* TASK INSTRUCTIONS
What is needed is a word-for-word transcript of the listing, free of pictures.

* MATERIAL PROVIDED

:::

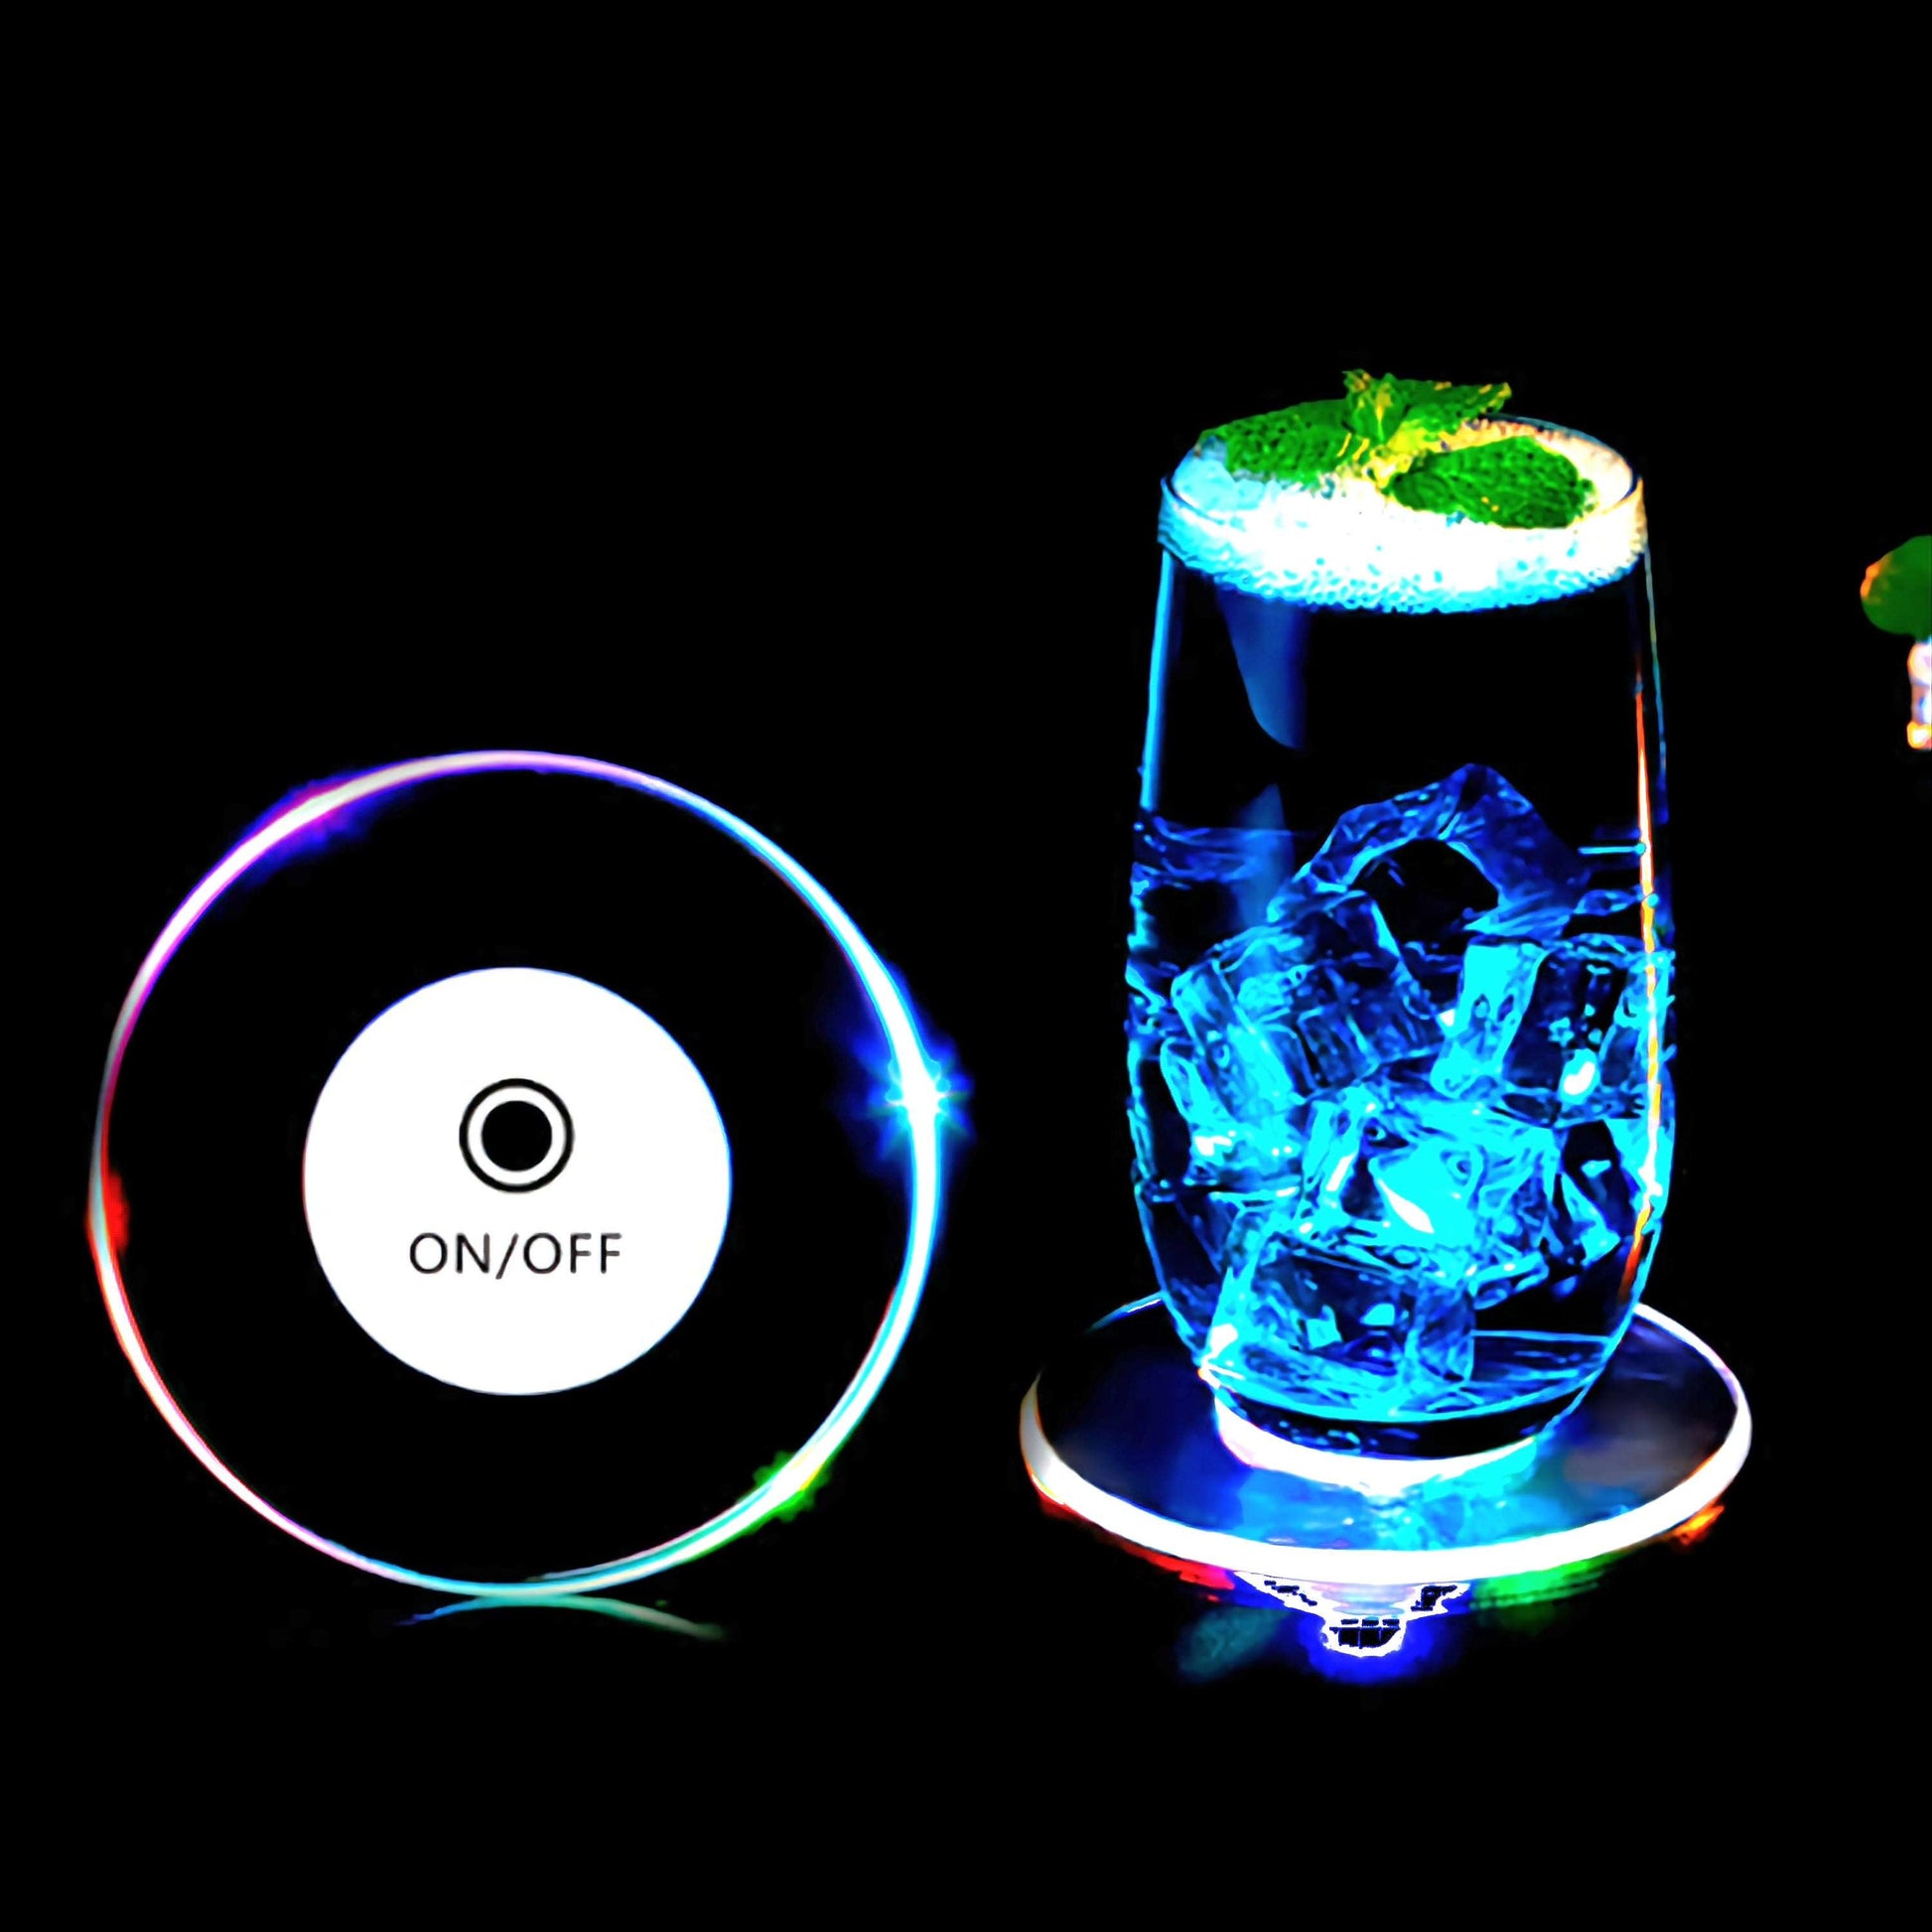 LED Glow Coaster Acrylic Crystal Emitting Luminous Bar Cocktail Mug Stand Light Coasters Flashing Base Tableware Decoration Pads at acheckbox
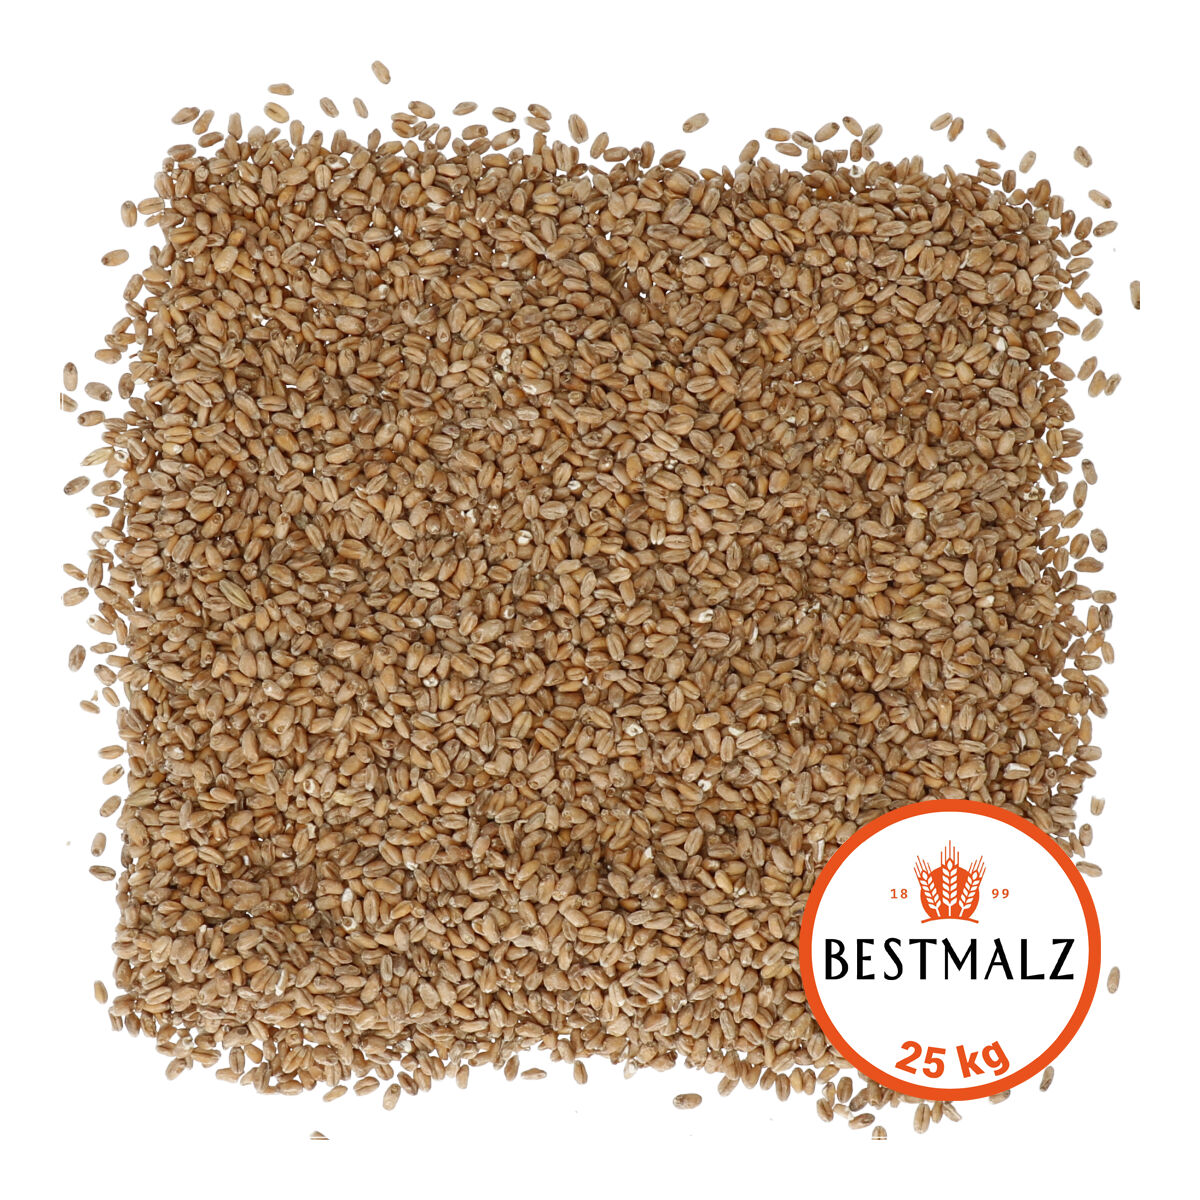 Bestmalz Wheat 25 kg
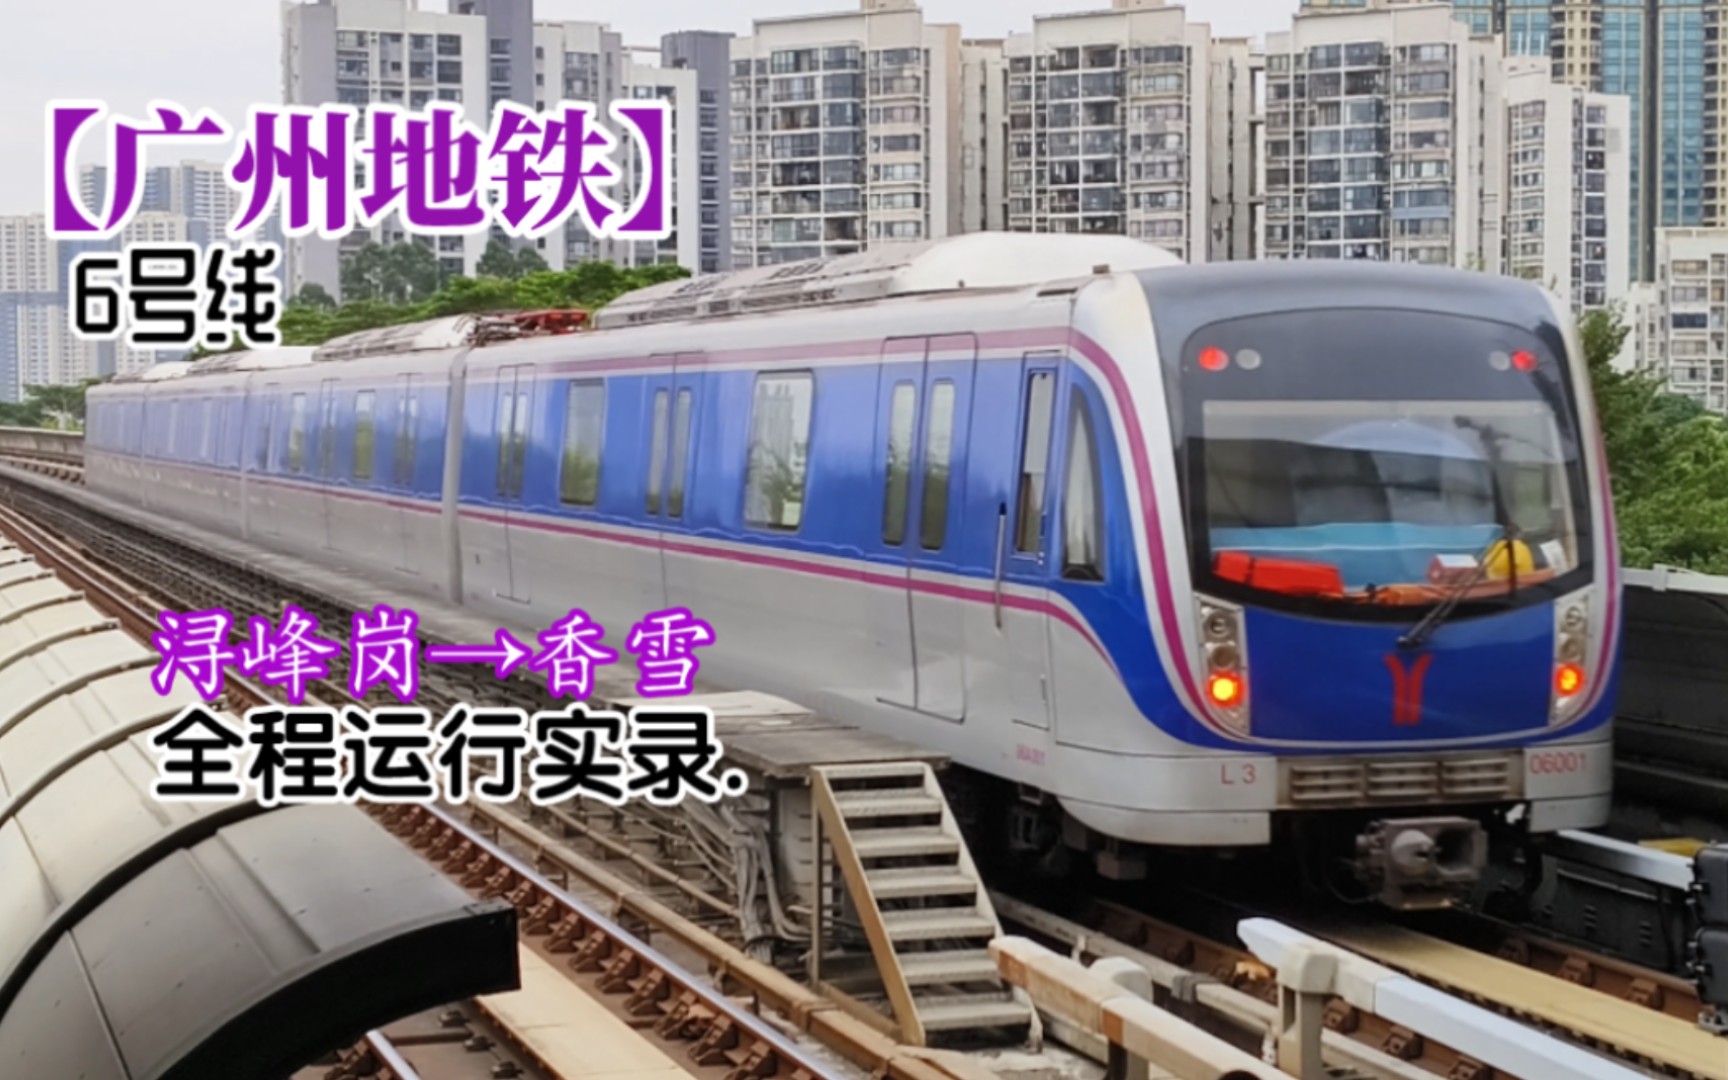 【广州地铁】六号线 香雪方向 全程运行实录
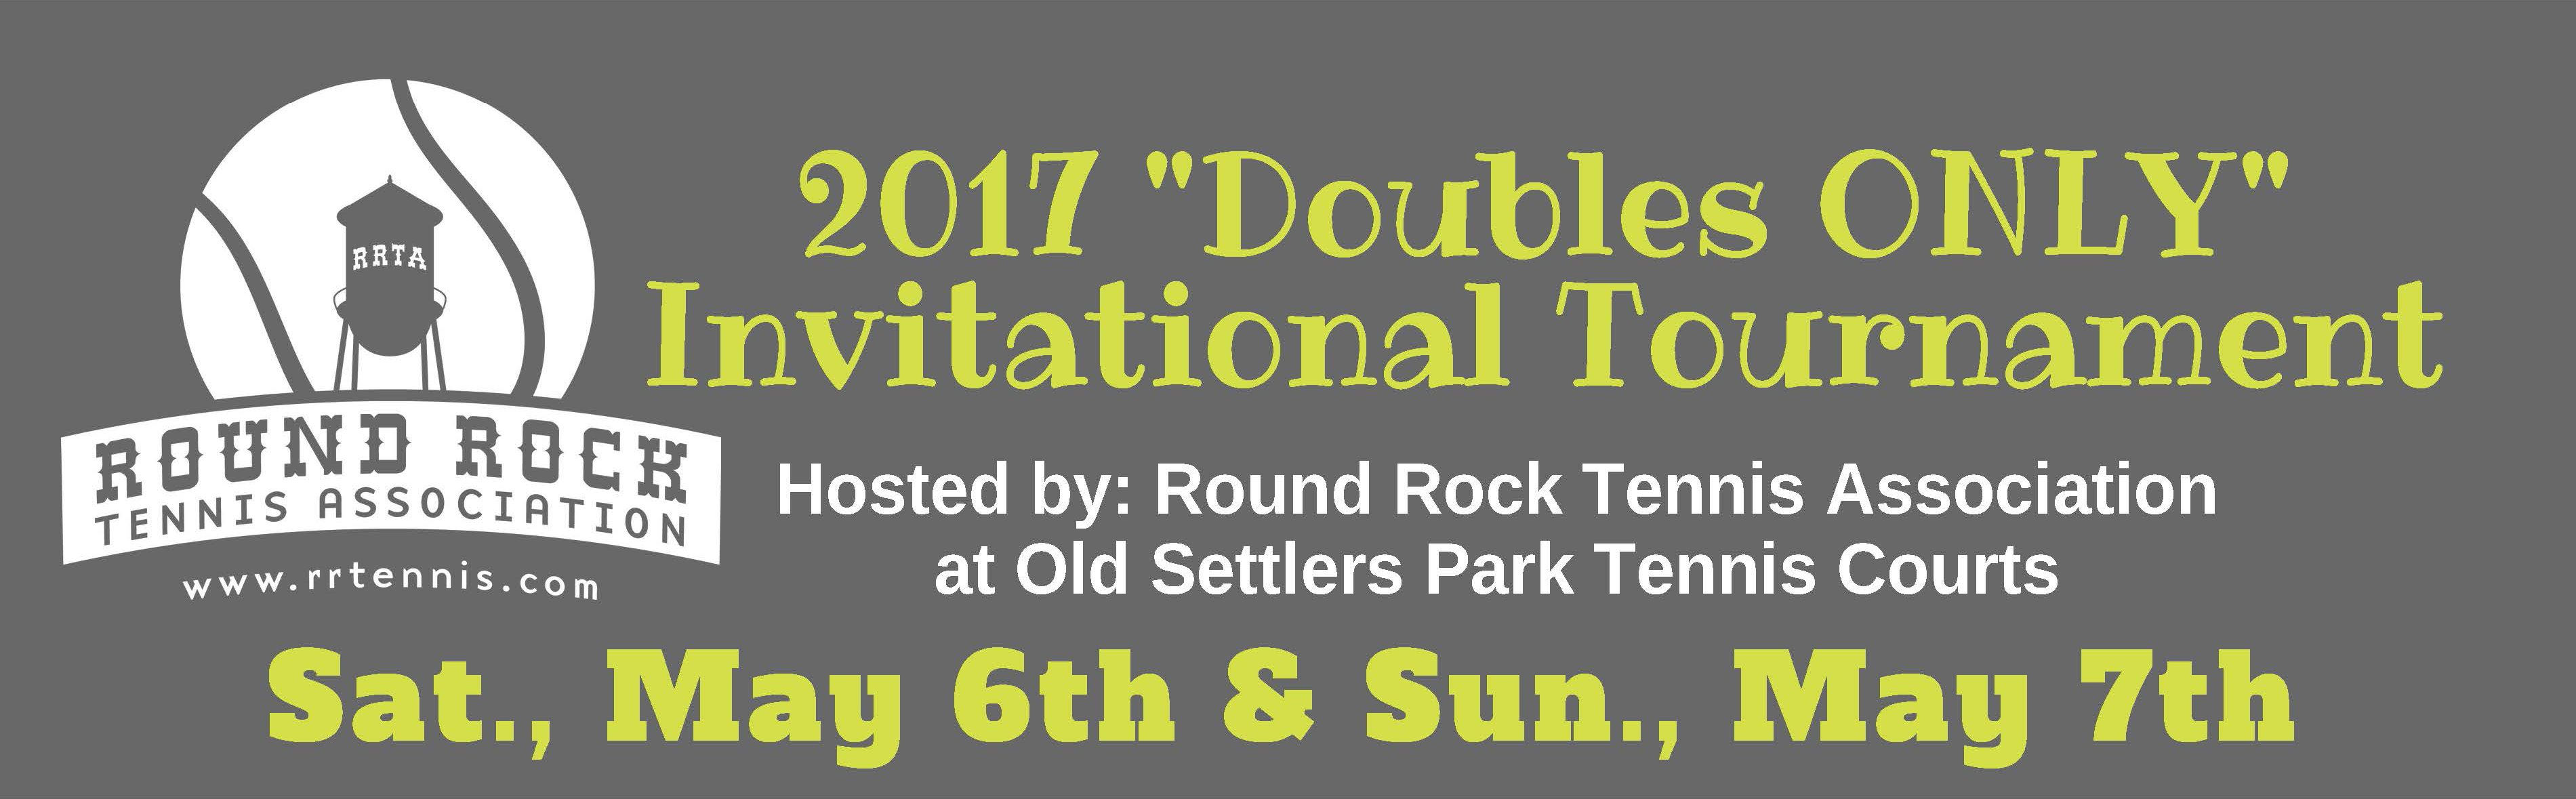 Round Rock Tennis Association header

:::

* PROBLEM SOLUTION
 LED Glow Coaster Acrylic Crystal Emitting Luminous Bar Cocktail Mug Stand Light Coasters Flashing Base Tableware Decoration Pads at acheckbox
 Bestmalz Wheat 25 kg
 【广州地铁】六号线 香雪方向 全程运行实录
 Round Rock Tennis Association header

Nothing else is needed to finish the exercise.